El máximo mandatario de Venezuela cumple cien días como presidente del país embarcado en una travesía marcada por el vendaval que supuso
su ajustada victoria y las denuncias de fraude, pero especialmente por un
delicada situación económica. Así, después de lo tumultuoso del inicio de su gestión, Maduro poco a poco ha ido consolidándose en la jefatura del país, con un Ejecutivo estable tras la tensión postelectoral de abril, pero inmerso en un sinfín de batallas en el terreno económico.
Sin embargo, su posición sigue siendo relativamente débil, sobre todo
si la comparamos con la de su predecesor, Hugo Chávez, quien por
cierto ayer hubiese celebrado su cumpleaños número 59.

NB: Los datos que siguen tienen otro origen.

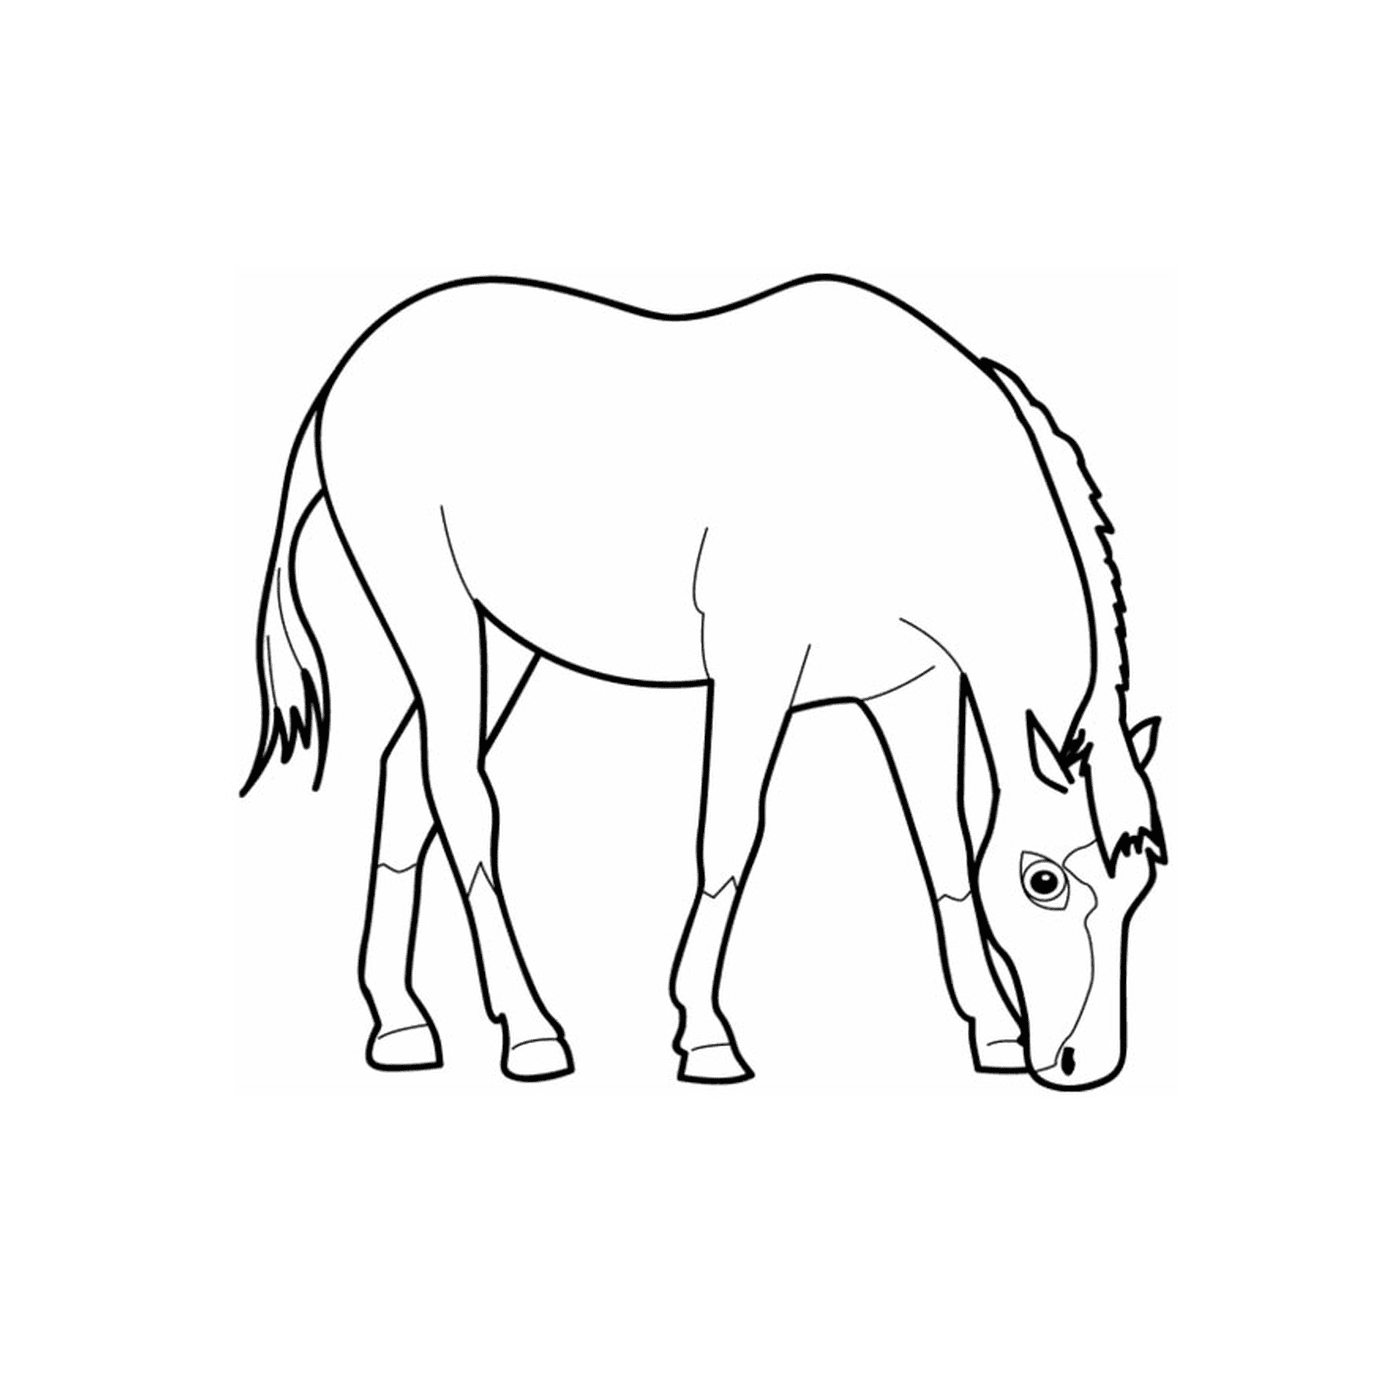  Ein Pferd - ein sprudelndes Pferd

Ni entre los suyos tiene tanto poder como "el
comandante", ni mucho menos goza del reconocimiento de su legitimidad en
los opositores: Henrique Capriles, sigue sin reconocer lo justo de su
triunfo electoral.
Como señala la agencia EFE en este recuento de sus primeros días de
gobierno, Maduro ha visto cómo la inflación se dispara, la economía se
ralentiza, el dólar en el mercado ilegal paralelo se desborda y se
agudiza el desabastecimiento de productos de consumo masivo con la
desaparición de diversos productos básicos e incluso del papel higiénico de las estanterías de los
supermercados venezolanos.
Heredero político de Chávez, pese al corto
tiempo que lleva en el poder ya pueden entreverse algunos cambios: es
algo más pragmático en lo económico y al tiempo más confrontacional en
lo político.
La BBC ha efectuado un análisis donde presenta algunos de los elementos que han cambiado de Chávez a Maduro.

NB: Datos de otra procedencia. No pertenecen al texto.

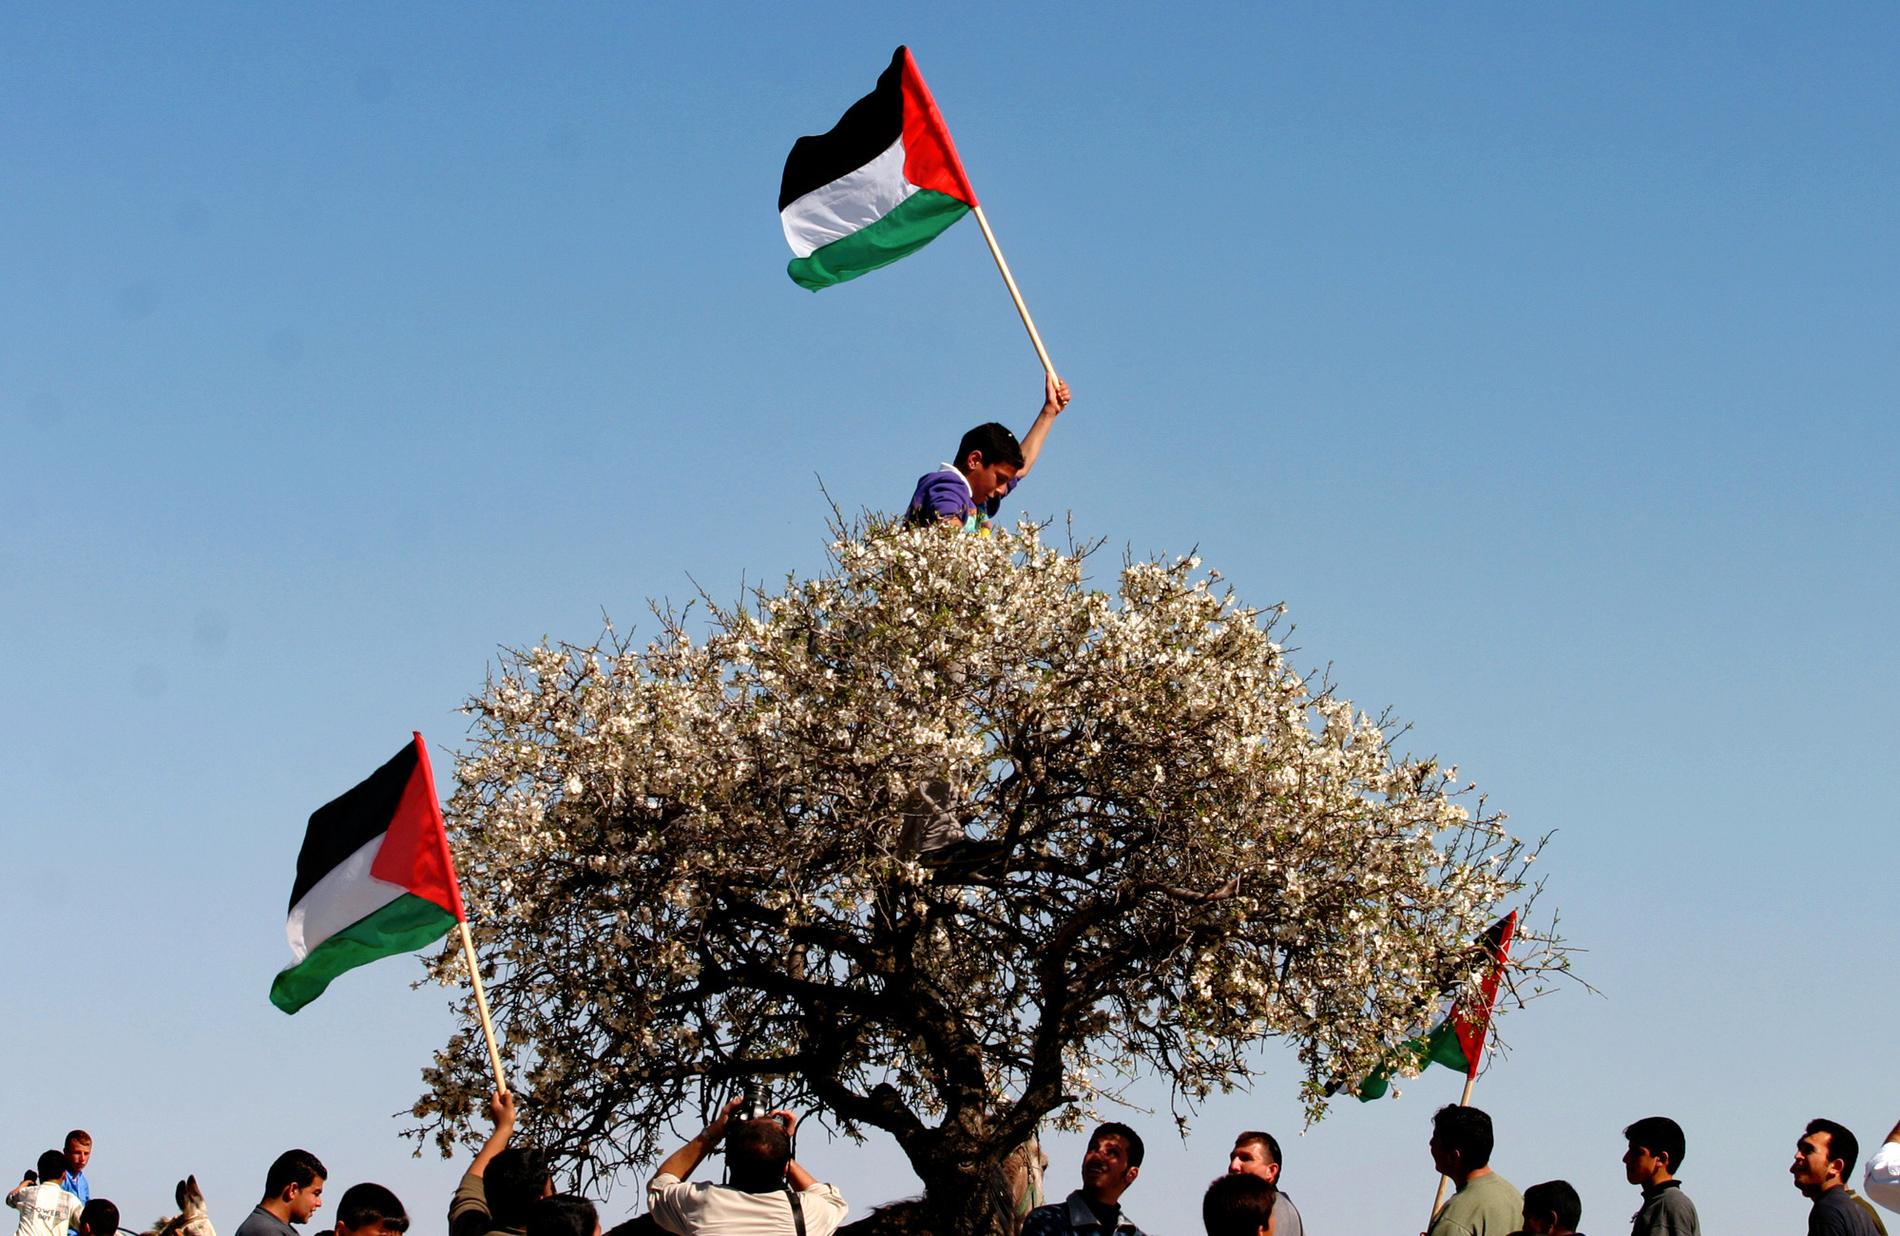 ”Det finns ett fritt Gaza, ett fritt Palestina bortom där vi befinner oss nu. Jag undrar hur den platsen ser ut” skriver Burcu Sahin.

Una diferencia que salta a la vista respecto a la gestión de Chávez
está en los esfuerzos que ha tenido que dedicar Maduro a consolidarse en
el poder después de los cuestionamientos a su legitimidad por las
denuncias opositoras de fraude electoral.
A diferencia de las holgadas victorias que
acumuló Chávez a lo largo de 14 años, Maduro se impuso con un 1,49% y la
oposición sigue sin reconocer que lo hubiera hecho en elecciones transparentes.

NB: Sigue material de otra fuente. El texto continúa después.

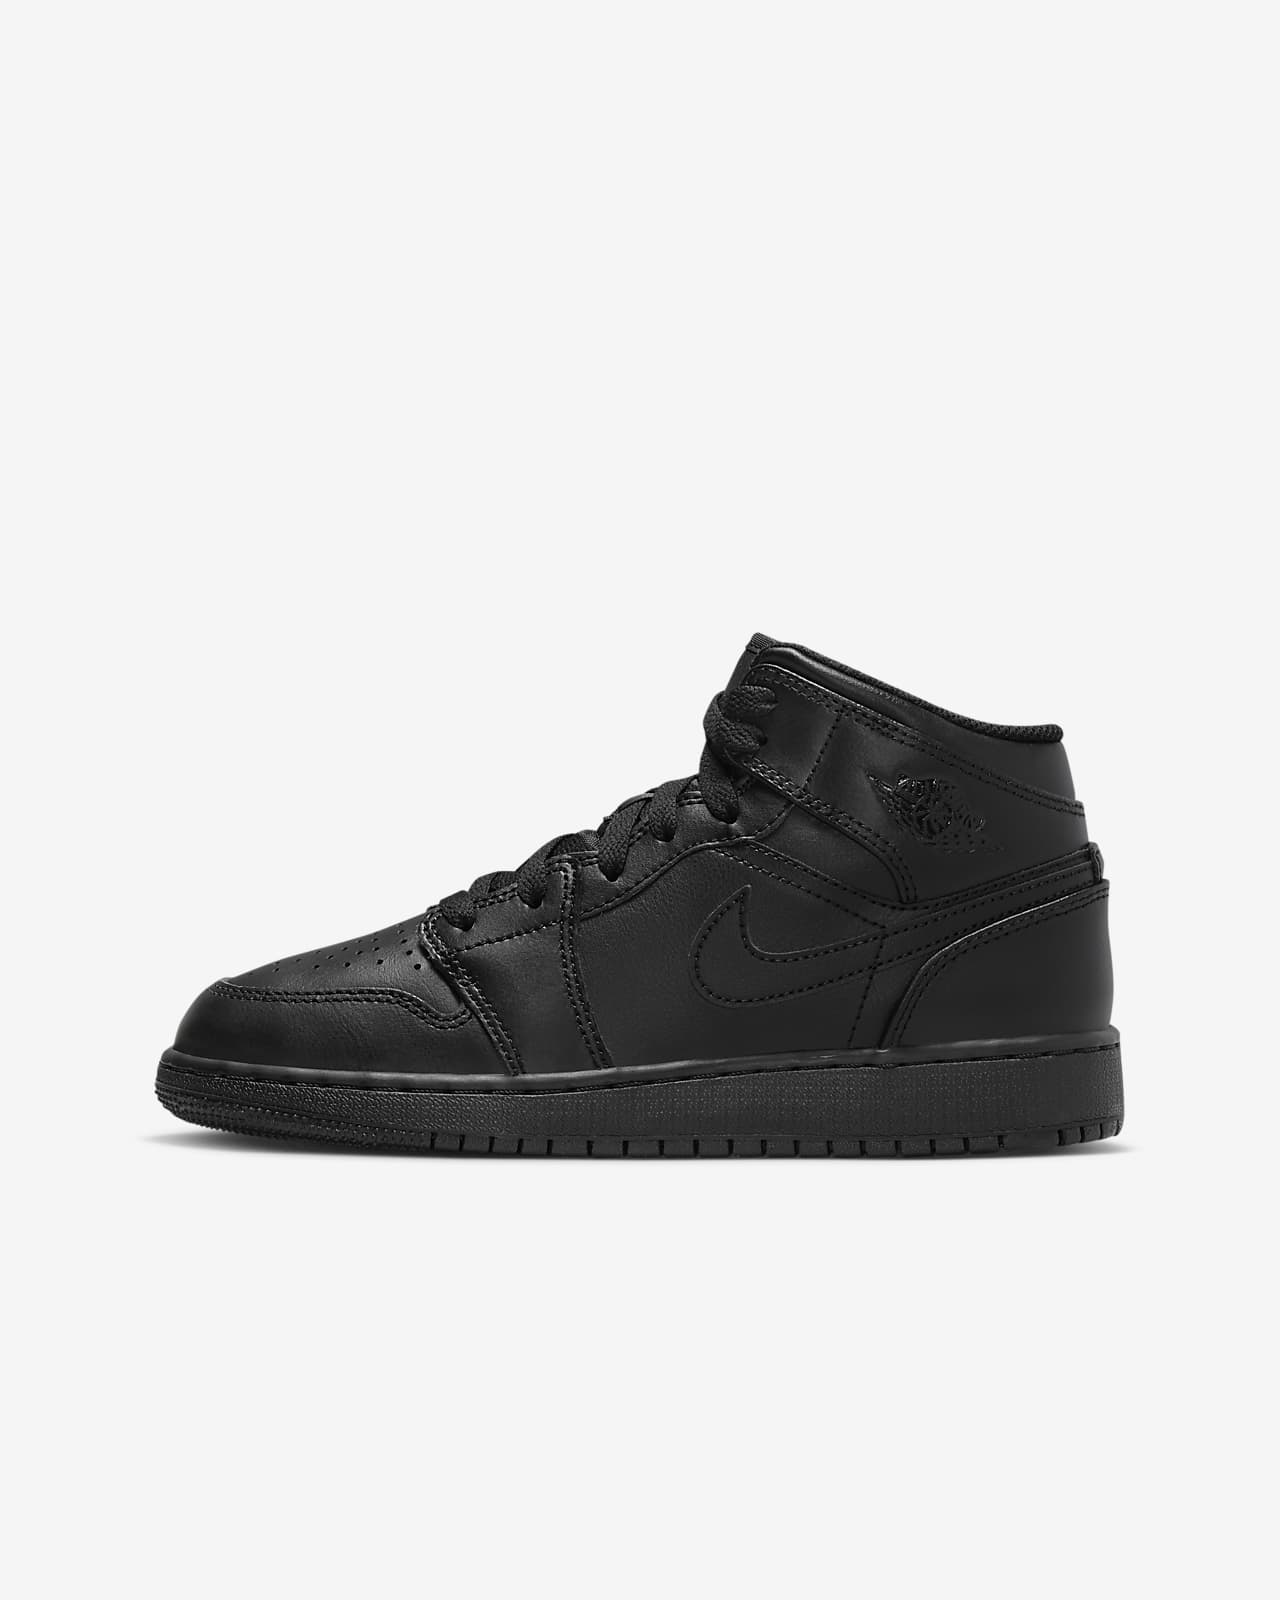 Jordan 1 Zapatillas - Niño/a. Nike ES

En cambio, con Chávez, había que hurgar muy
profundo en las alas más extremas de la oposición para encontrar a quien
cuestionara la legitimidad de su mandato. El conjunto de la oposición
democrática tenía clara que su tarea era revertir el apoyo mayoritario
del que gozaba por, lo que ellos consideraban, su populismo de prebendas.
No así Maduro, cuestionado desde el minuto uno. Los primeros días fueron de protestas y sonoros cacerolazos, por un supuesto fraude.
Pese a todo, el tiempo ha ido corriendo a su
favor y, más de tres meses después, a la espera de lo que resuelva el
Tribunal Supremo de Justicia sobre la impugnación del proceso
electoral, el asunto no aparece de manera prominente en la agenda de los
venezolanos.
"
Si tuviera que decir cuál es el cambio más importante en estos tres
meses, diría que es que Maduro se ha legitimado y que eso es actualmente
un problema menor", le dijo a BBC Mundo Luis Vicente León, analista y
presidente de la encuestadora Datanálisis.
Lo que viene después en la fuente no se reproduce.